C’est ma spécialisation dans ce domaine qui m’a tout naturellement appelé à exercer des fonctions de direction et de coordination scientifique dans des programmes de recherches orientées, consacrés à l’étude de l’environnement où la turbulence, sans cesse régénérée, est tour à tour, un facteur de troubles ou d’épuration.

Poursuivant en parallèle des travaux expérimentaux à la station de Recherches Océanographiques de l’Université de Liège, STARESO, à Calvi, dirigée par mon éminent Collègue le Professeur Distèche, je me suis intéressé plus particulièrement aux problèmes de la turbulence marine où désordres turbulents et structures stratifiées, non seulement se combattent, s’inhibent ou s’estompent, mais le plus souvent cohabitent ; régions turbulentes entretenues par les processus atmosphériques et régions stratifiées préservées du désordre voisinant de part et d’autre d’une frontière, la thermocline, marquée par des gradients importants de masses spécifiques et de températures.

Ces études de base ont fourni les éléments indispensables à la paramétrisation des processus marins et à la modélisation mathématique des systèmes marins, entreprises dans le cadre du Projet Mer du Programme National sur l’Environnement Physique et Biologique.

La modélisation des systèmes marins se pose à nouveau en termes de compétition entre le goût de la nature pour le désordre turbulent et la maintenance de structures organisées par l’ordonnance déterministe des lois de la Physique, de la Chimie et de la Biologie : régularité des marées et permanence des courants résiduels, cinétique chimique, comportement des sédiments, sélectivité des relations écologiques entre populations rivales et proies-prédateurs.

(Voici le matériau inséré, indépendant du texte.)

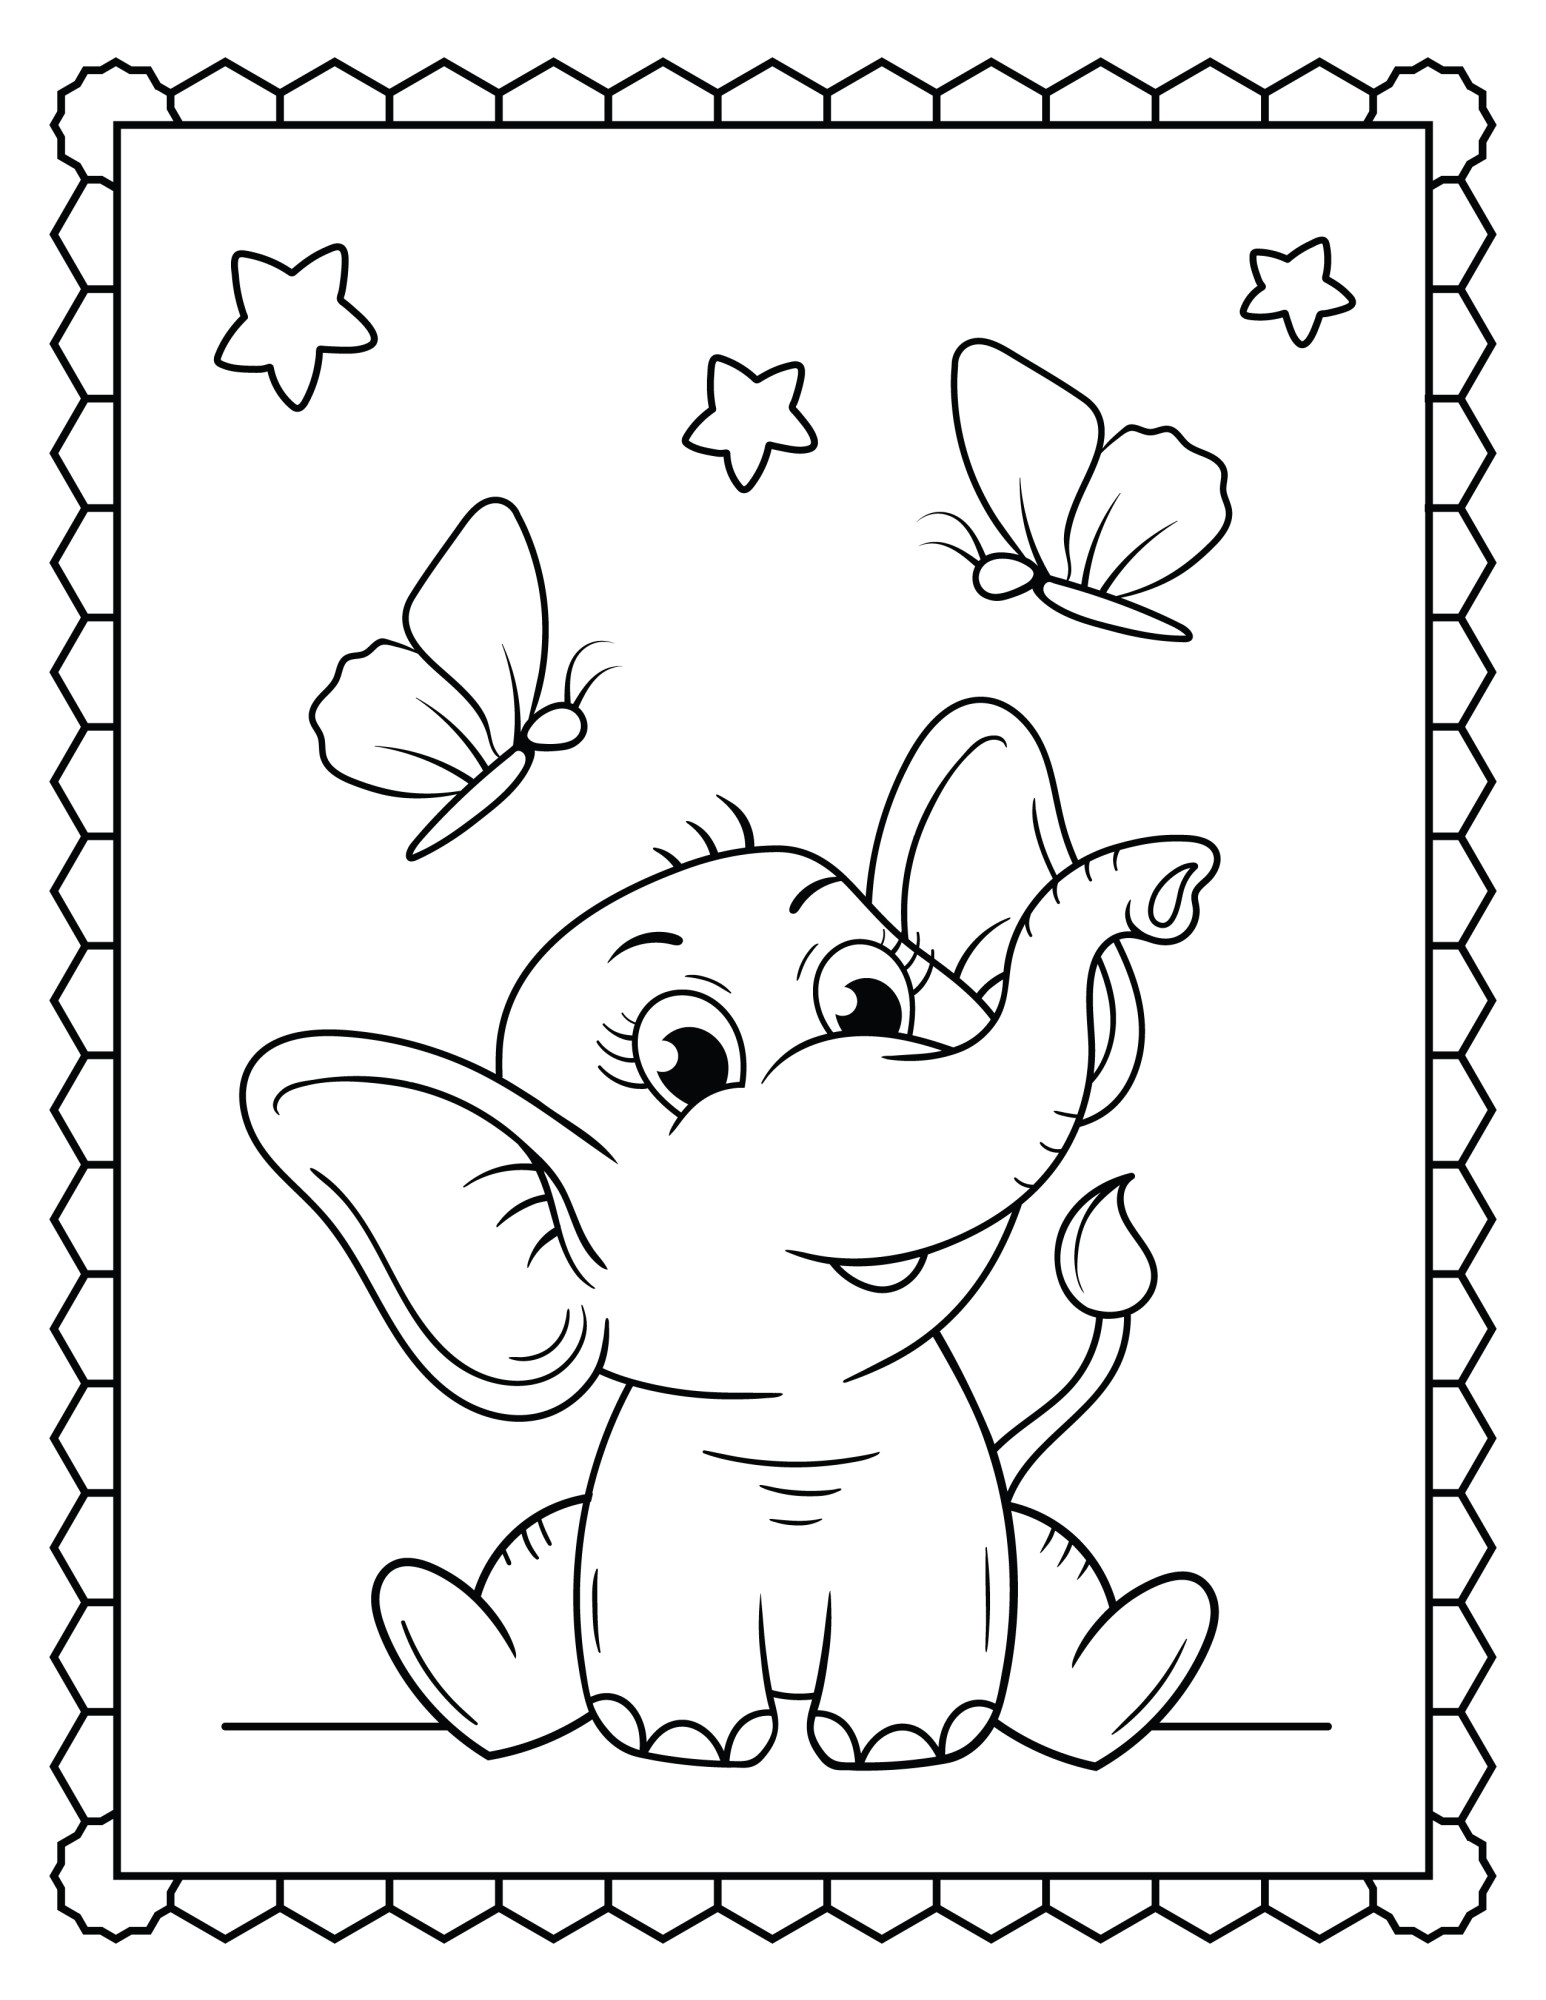 Раскраска для детей: две бабочки и слоник

Les sciences de la nature investies ces dernières années d’un rôle nouveau dans la protection et la gestion de la qualité de l’environnement, avaient un besoin désespéré de moyens nouveaux.  Il est peut-être fortuit que cette situation ait coïncidé avec l’avènement des grands ordinateurs et des puissants moyens de calcul.  C’est pourtant la disposition de ces gigantestques moyens de calcul qui, au travers de la philosophie de la modélisation mathématique, a permis à ces sciences de la nature de faire face à leurs nouvelles obligations en traduisant leurs concepts généraux, les observations partielles de la Systématique en termes quantifiables reproductibles et vérifiables.

Sire, Madame,

Monsieur le Président,

Mesdames, Messieurs,

En m’attribuant le Prix Francqui, un Jury éminent et la Conseil d’Administration d’une Fondation qui s’est assigné comme tâche de favoriser le développement du haut enseignement et de la recherche scientifique en Belgique veulent consacrer la maturité d’une génération nouvelle de sciences naturelles, empruntant sa philosophie à l’étude des systèmes et à la modélisation mathématique et se mettant au service de la Société pour l’aider à ne pas détruire son cadre de vie.  Nous l’interprétons comme un encouragement et une mission de persévérer dans cette voie où se côtoient des chercheurs de toutes les disciplines, de toutes formations, et plus spécialement, en Océanographie, Centre d’Excellence et figure de proue de la recherche interdisciplinaire en Belgique.